Low level of OSH compliance remains a concern
There are many industries that have maintained an impeccable record in terms of compliance with Occupational Health and Safety (OHS) legislation. The formal mining sector is a good example of an industry that continues to take a proactive approach to ensuring healthy and safe workplaces. These efforts are complemented by the remarkable work undertaken by major civil engineering and construction contractors to mitigate injuries and fatalities on their job sites and the world-class safety, health, environment and quality standards adopted by highly regulated industries.

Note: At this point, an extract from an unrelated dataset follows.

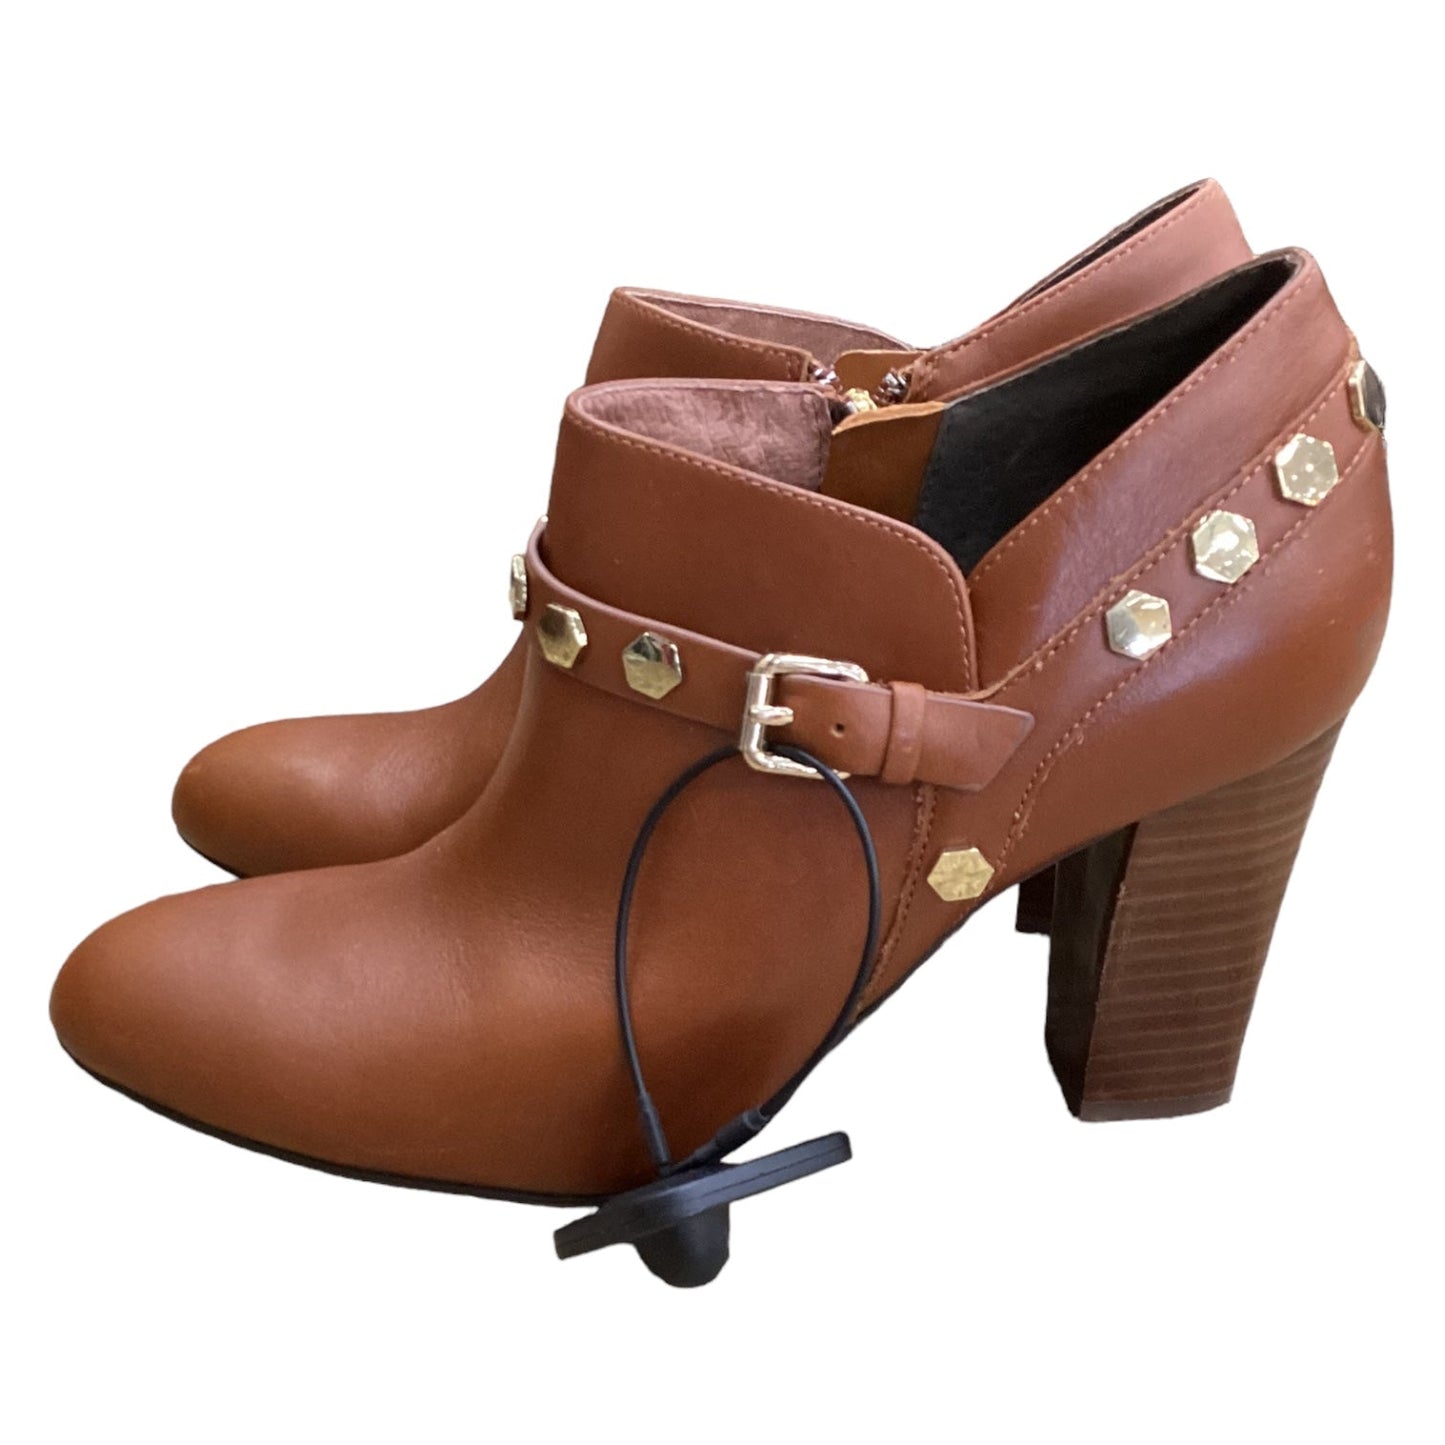 Brown Shoes Heels Block Isola, Size 8.5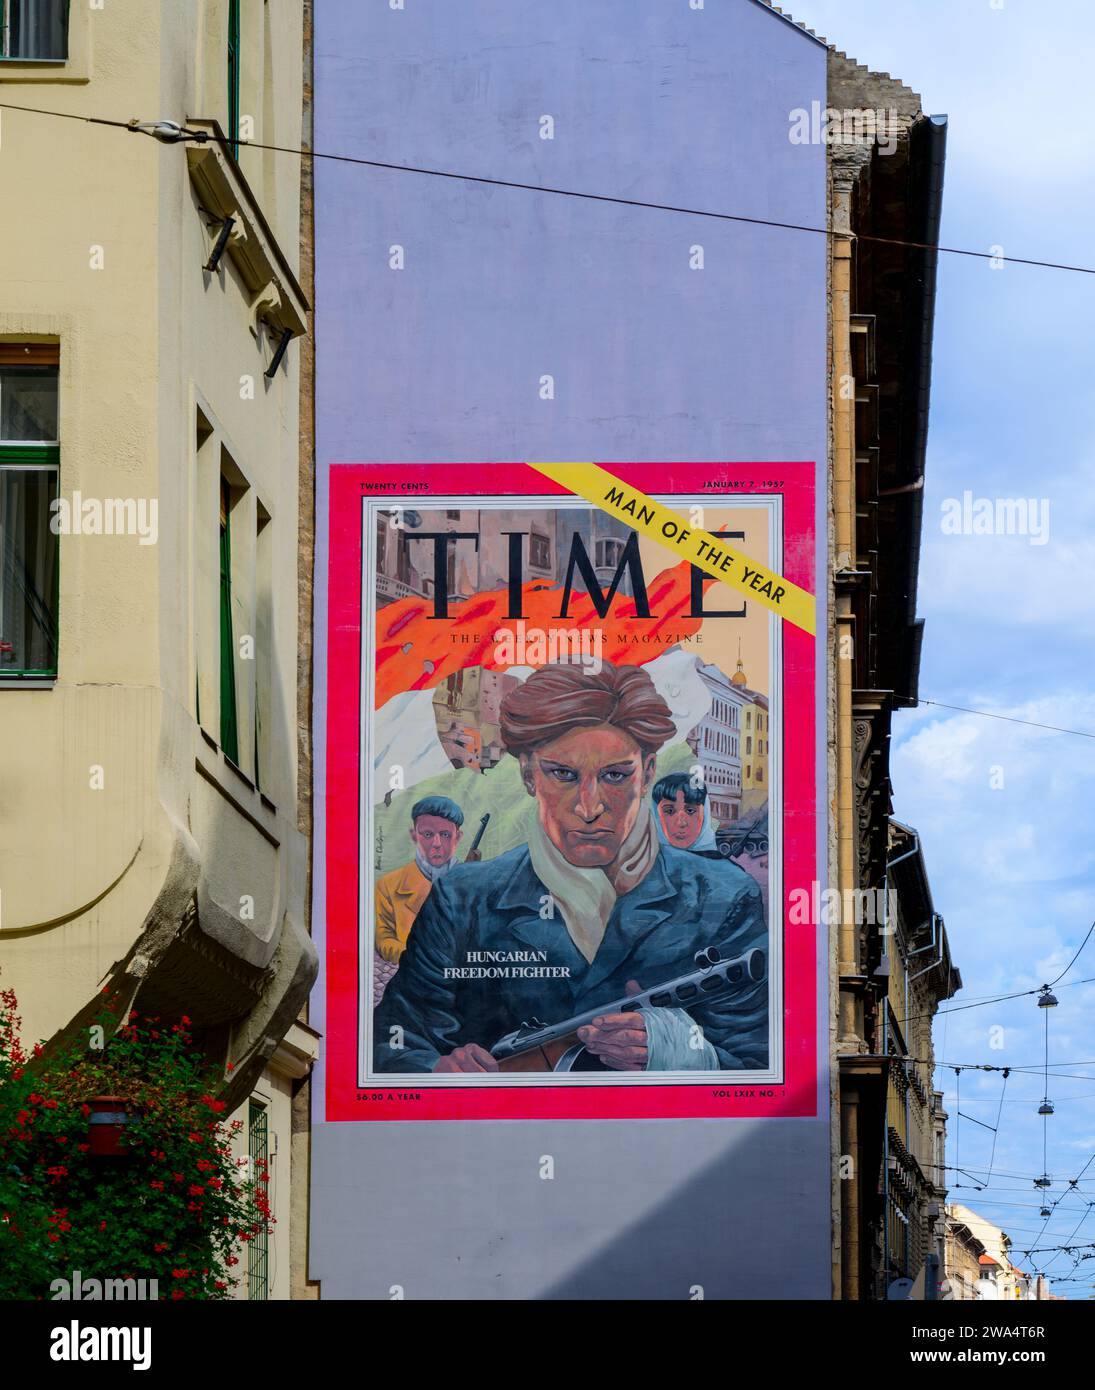 Hungarian Freedom Fighters on Time Magazine Cover January 7 1957 Graffiti on a building's wall in Wesselenyi utca, Budapest, Hungary Stock Photo

However, at the same time, many sectors of the economy are still not compliant, exposing themselves to potential liabilities and risks to their workers. “This is despite the existence of more than 200 pieces of OSH legislation that are around 20 years old. Unfortunately, many employers misinterpret the legislation, leading to poor risk assessments and therefore inadequate controls,” says Louise Woodburn, managing director of risk solutions at KBC Health & Safety. The company has earned a solid reputation for the quality of its risk assessments and compliance training. This includes pioneering use of digital technologies, such as augmented reality, virtual sessions, WhatsApp and QR codes. In some cases, these methods have also proven to be a more cost-effective alternative to physical risk assessments and compliance training. The company deployed these technologies long before the lockdowns were put in place to contain the spread of the Covid-19 virus.
The company has also recently expanded its offering to include risk solutions for small businesses that cannot afford to employ permanent, seasoned health and safety officers to help inform their OHS protocol.
A good example is the many fast food franchises that need advice on how to reduce their liability exposure and protect their human resources. KBC Health & Safety provides these services to small, medium and micro-enterprises on an ad hoc basis. Their demand is undeniably strong, as evidenced by the steady growth of the Risk Solutions division since its launch two years ago. Another advantage of this service is that it provides access to OHS officers specialized in particular industries. They are therefore able to provide a wealth of industry-specific knowledge and expertise to help mitigate risk.
However, there are still many small businesses that are hesitant to invest in OSH compliance. They approach the Woodburn team to help them implement a strong OHS strategy after an incident because they have not been proactive in mitigating health and safety risks in their workplace. Without adequate controls in place, it is only a matter of time before an incident occurs in the workplace, she warns.
Woodburn refers to the recent increase in injuries and fatalities in the construction industry, which she attributes to the growing number of small contractors entering the industry. Among other incidents, workers fall from heights and inhale harmful chemicals on construction sites. This is because these construction companies have not put in place the proper controls to prevent injuries and fatalities. She is also concerned about the compliance status of many South African factories where risk mitigation is also mostly reactive instead of proactive. In many cases, these companies avoid incidents “by the skin of their teeth”, and it is only a matter of time before the lack of adequate controls catches up with them. At that point, it’s too late.
The situation is exacerbated by a lack of adequate enforcement by the authorities, due to limited resources which are mainly deployed on mining sites and large construction sites where the level of health and safety risk is perceived to be higher. . “The weakest link remains the implementation of the legislation. This undermines the country’s comprehensive set of OSH legislation, considered one of the best in the world. Many businesses are therefore able to get away with non-compliance for a period of time, before an incident occurs that could result in injury or even death, while exposing their business to serious liability.” , says Woodburn.
Worryingly, the health aspect of OSH is often neglected by many companies. This takes into account that the effects of unhealthy workplaces and practices, such as hearing loss, cancers, asthma and mental illnesses, are usually only identified over a longer period than injuries and deaths. . People may have changed jobs when they realize that their health has suffered because of their previous work experience. “It’s a big challenge. The mining industry has been trying for many years to establish an up-to-date database of health-related impacts. However, maintaining such a database requires deeper collaboration between different companies and across various industries,” she concludes.